WHAT YOU WILL DO: Give back the lines of the records exactly, starting at the first and ending at the one with "Electrolux U3100-4 manual".

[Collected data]
========================================
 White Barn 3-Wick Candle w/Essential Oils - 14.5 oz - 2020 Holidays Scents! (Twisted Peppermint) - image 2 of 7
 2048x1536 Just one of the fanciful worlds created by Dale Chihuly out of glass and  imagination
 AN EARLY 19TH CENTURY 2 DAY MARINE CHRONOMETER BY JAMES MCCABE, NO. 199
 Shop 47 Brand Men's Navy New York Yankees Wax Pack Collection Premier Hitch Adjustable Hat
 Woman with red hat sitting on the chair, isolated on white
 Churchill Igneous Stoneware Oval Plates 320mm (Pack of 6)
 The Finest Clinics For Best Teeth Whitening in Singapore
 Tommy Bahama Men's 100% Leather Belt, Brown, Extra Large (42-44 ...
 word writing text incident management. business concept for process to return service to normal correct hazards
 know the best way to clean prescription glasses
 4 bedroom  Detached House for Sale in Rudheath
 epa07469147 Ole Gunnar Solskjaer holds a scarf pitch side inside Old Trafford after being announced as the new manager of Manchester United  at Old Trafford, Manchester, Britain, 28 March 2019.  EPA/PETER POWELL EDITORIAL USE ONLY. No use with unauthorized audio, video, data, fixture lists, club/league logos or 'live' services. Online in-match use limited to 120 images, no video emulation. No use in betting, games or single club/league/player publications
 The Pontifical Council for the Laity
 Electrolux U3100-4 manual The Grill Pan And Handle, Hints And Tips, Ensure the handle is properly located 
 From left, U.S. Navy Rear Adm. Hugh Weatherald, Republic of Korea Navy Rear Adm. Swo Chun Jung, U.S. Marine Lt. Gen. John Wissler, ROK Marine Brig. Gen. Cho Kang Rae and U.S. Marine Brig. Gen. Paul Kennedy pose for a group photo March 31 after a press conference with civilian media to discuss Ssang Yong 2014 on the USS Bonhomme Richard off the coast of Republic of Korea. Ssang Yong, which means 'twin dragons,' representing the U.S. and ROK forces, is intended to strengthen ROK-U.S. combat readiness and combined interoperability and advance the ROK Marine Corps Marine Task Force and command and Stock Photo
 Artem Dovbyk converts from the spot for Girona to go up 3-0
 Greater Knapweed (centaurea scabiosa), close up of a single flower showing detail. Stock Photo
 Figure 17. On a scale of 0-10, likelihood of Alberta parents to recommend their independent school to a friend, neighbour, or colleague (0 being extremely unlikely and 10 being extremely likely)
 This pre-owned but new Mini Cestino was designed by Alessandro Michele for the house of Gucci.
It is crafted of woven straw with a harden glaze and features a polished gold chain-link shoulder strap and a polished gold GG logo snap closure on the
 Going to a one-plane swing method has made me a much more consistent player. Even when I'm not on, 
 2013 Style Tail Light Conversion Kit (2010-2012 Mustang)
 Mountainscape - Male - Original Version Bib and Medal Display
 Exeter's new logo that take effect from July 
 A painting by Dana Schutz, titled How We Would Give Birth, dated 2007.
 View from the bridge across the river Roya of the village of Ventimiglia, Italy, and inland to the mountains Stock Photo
========================================
YOUR RESPONSE:
 White Barn 3-Wick Candle w/Essential Oils - 14.5 oz - 2020 Holidays Scents! (Twisted Peppermint) - image 2 of 7
 2048x1536 Just one of the fanciful worlds created by Dale Chihuly out of glass and  imagination
 AN EARLY 19TH CENTURY 2 DAY MARINE CHRONOMETER BY JAMES MCCABE, NO. 199
 Shop 47 Brand Men's Navy New York Yankees Wax Pack Collection Premier Hitch Adjustable Hat
 Woman with red hat sitting on the chair, isolated on white
 Churchill Igneous Stoneware Oval Plates 320mm (Pack of 6)
 The Finest Clinics For Best Teeth Whitening in Singapore
 Tommy Bahama Men's 100% Leather Belt, Brown, Extra Large (42-44 ...
 word writing text incident management. business concept for process to return service to normal correct hazards
 know the best way to clean prescription glasses
 4 bedroom  Detached House for Sale in Rudheath
 epa07469147 Ole Gunnar Solskjaer holds a scarf pitch side inside Old Trafford after being announced as the new manager of Manchester United  at Old Trafford, Manchester, Britain, 28 March 2019.  EPA/PETER POWELL EDITORIAL USE ONLY. No use with unauthorized audio, video, data, fixture lists, club/league logos or 'live' services. Online in-match use limited to 120 images, no video emulation. No use in betting, games or single club/league/player publications
 The Pontifical Council for the Laity
 Electrolux U3100-4 manual The Grill Pan And Handle, Hints And Tips, Ensure the handle is properly located 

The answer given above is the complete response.